Get core set of complexes:
```{r corumCore}
core <- getCorum(set = "core", organism = "Human")
```

Turn the CORUM complexes into a list of graph instances,
where all nodes of a complex are connected to all other nodes of that complex
with undirected edges.

```{r corum2glist}
core.glist <- corum2graphlist(core, subunit.id.type = "UNIPROT")
```

Identify complexes that have a subunit of interest:
```{r corum-subunit}
has.cdk2 <- hasSubunit(core.glist, 
                       subunit = "CDK2",
                       id.type = "SYMBOL")
```

Check the answer:
```{r corum-subunit2}
table(has.cdk2)
cdk2.glist <- core.glist[has.cdk2]
lapply(cdk2.glist, function(g) unlist(graph::nodeData(g, attr = "SYMBOL")))
```

We can then also inspect the graph with plotting utilities from the 
[Rgraphviz](https://bioconductor.org/packages/Rgraphviz)
package:

```{r corum-subunit3, message = FALSE, eval = FALSE}
plot(cdk2.glist[[1]], main = names(cdk2.glist)[1])
```

# Check: extract BioPlex PPIs for a CORUM complex

Get the latest version of the 293T PPI network:

```{r bioplex293T}
bp.293t <- getBioPlex(cell.line = "293T", version = "3.0")
```

Turn the BioPlex PPI network into one big graph where bait and prey relationship
are represented by directed edges from bait to prey.

```{r bpgraph}
bp.gr <- bioplex2graph(bp.293t)
```

Now we can also easily pull out a BioPlex subnetwork for a CORUM complex
of interest:

```{r}
n <- graph::nodes(cdk2.glist[[1]])
bp.sgr <- graph::subGraph(n, bp.gr)
bp.sgr
```

# Check: identify interacting domains for a PFAM domain of interest

Add PFAM domain annotations to the node metadata:

```{r}
bp.gr <- BioPlex::annotatePFAM(bp.gr, orgdb)
```

Create a map from PFAM to UNIPROT:

```{r}
unip2pfam <- graph::nodeData(bp.gr, graph::nodes(bp.gr), "PFAM")
pfam2unip <- stack(unip2pfam)
pfam2unip <- split(as.character(pfam2unip$ind), pfam2unip$values)
head(pfam2unip, 2)
```

Let's focus on [PF02023](http://pfam.xfam.org/family/PF02023), corresponding to the
zinc finger-associated SCAN domain.
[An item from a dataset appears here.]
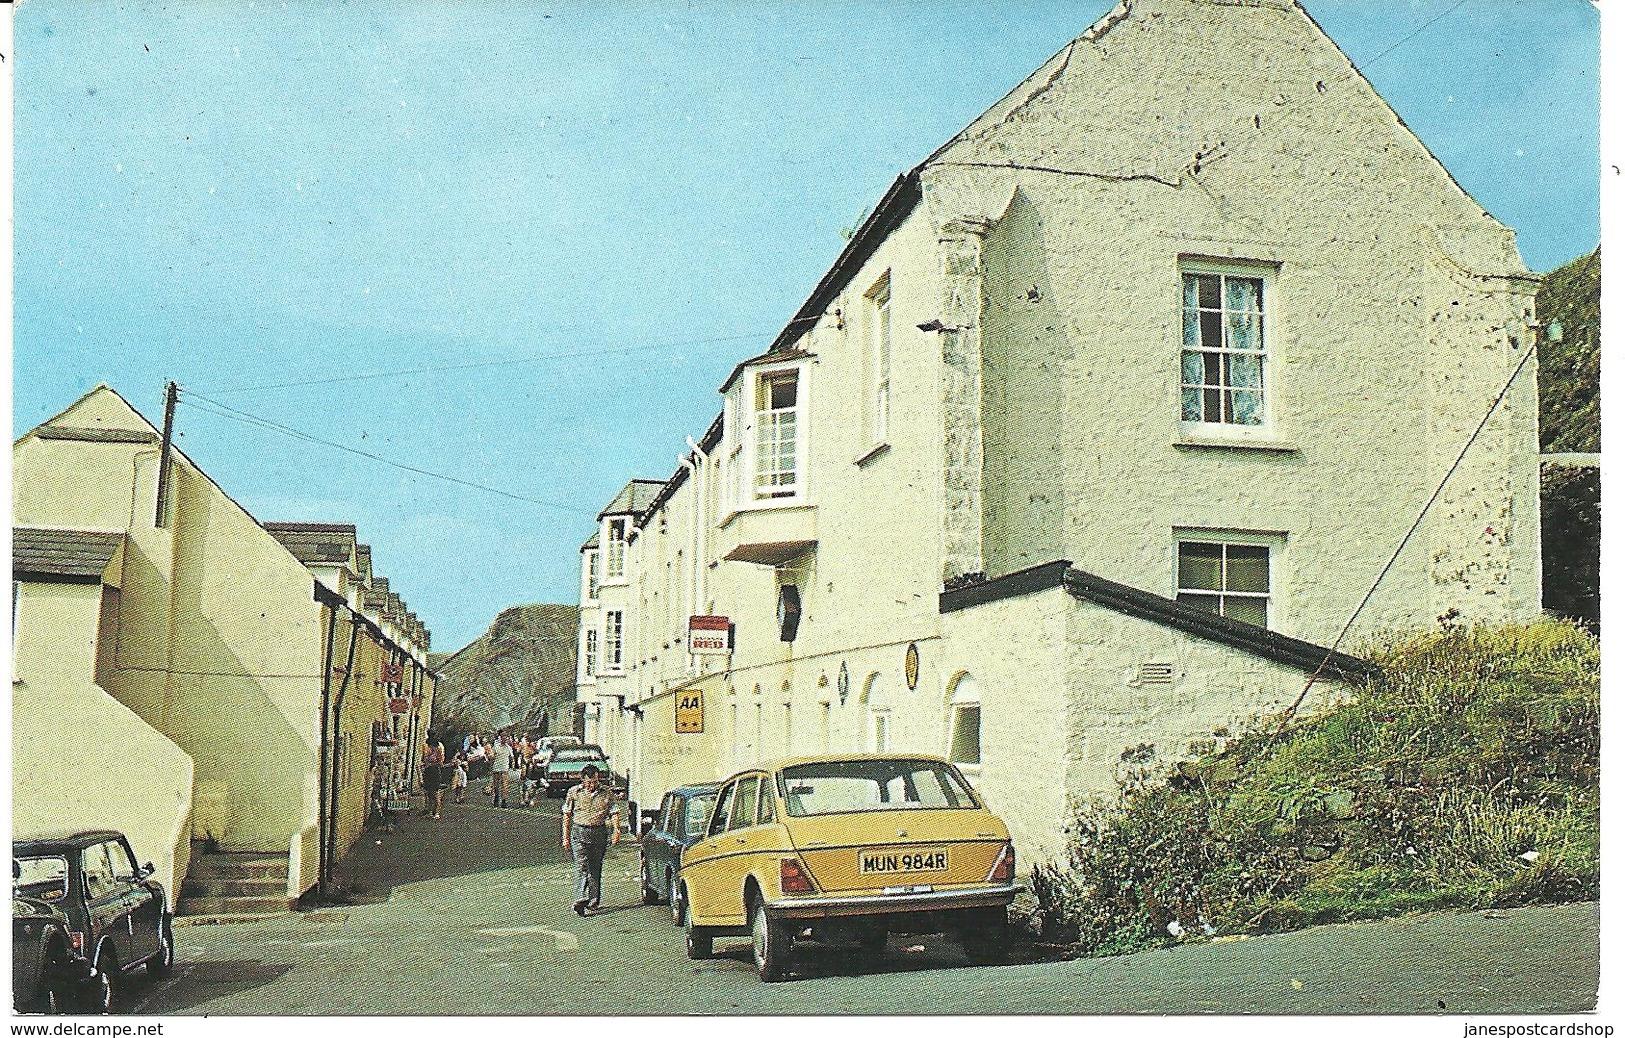 1980's Postcard HARTLAND QUAY HOTEL - HARTLAND - DEVON WITH MINI, CAPRI, AUSTIN - England

For each protein containing the SCAN domain,
we now extract PFAM domains connected to the SCAN domain by an edge in the BioPlex network.

```{r}
scan.unip <- pfam2unip[["PF02023"]]
getIAPfams <- function(n) graph::nodeData(bp.gr, graph::edges(bp.gr)[[n]], "PFAM")
unip2iapfams <- lapply(scan.unip, getIAPfams)
unip2iapfams <- lapply(unip2iapfams, unlist)
names(unip2iapfams) <- scan.unip
```

Looking at the top 5 PFAM domains most frequently connected to the SCAN domain 
by an edge in the BioPlex network ...

```{r}
pfam2iapfams <- unlist(unip2iapfams)
sort(table(pfam2iapfams), decreasing = TRUE)[1:5]
```

... we find [PF02023](http://pfam.xfam.org/family/PF02023), the SCAN domain itself,
and [PF00096](http://pfam.xfam.org/family/PF00096), a C2H2 type zinc finger domain.
This finding is consistent with results reported in the
[BioPlex 3.0 publication](https://doi.org/10.1016/j.cell.2021.04.011).


See also the 
[PFAM domain-domain association analysis vignette](https://ccb-hms.github.io/BioPlexAnalysis/articles/PFAM.html)
for a more comprehensive analysis of PFAM domain associations in the BioPlex network.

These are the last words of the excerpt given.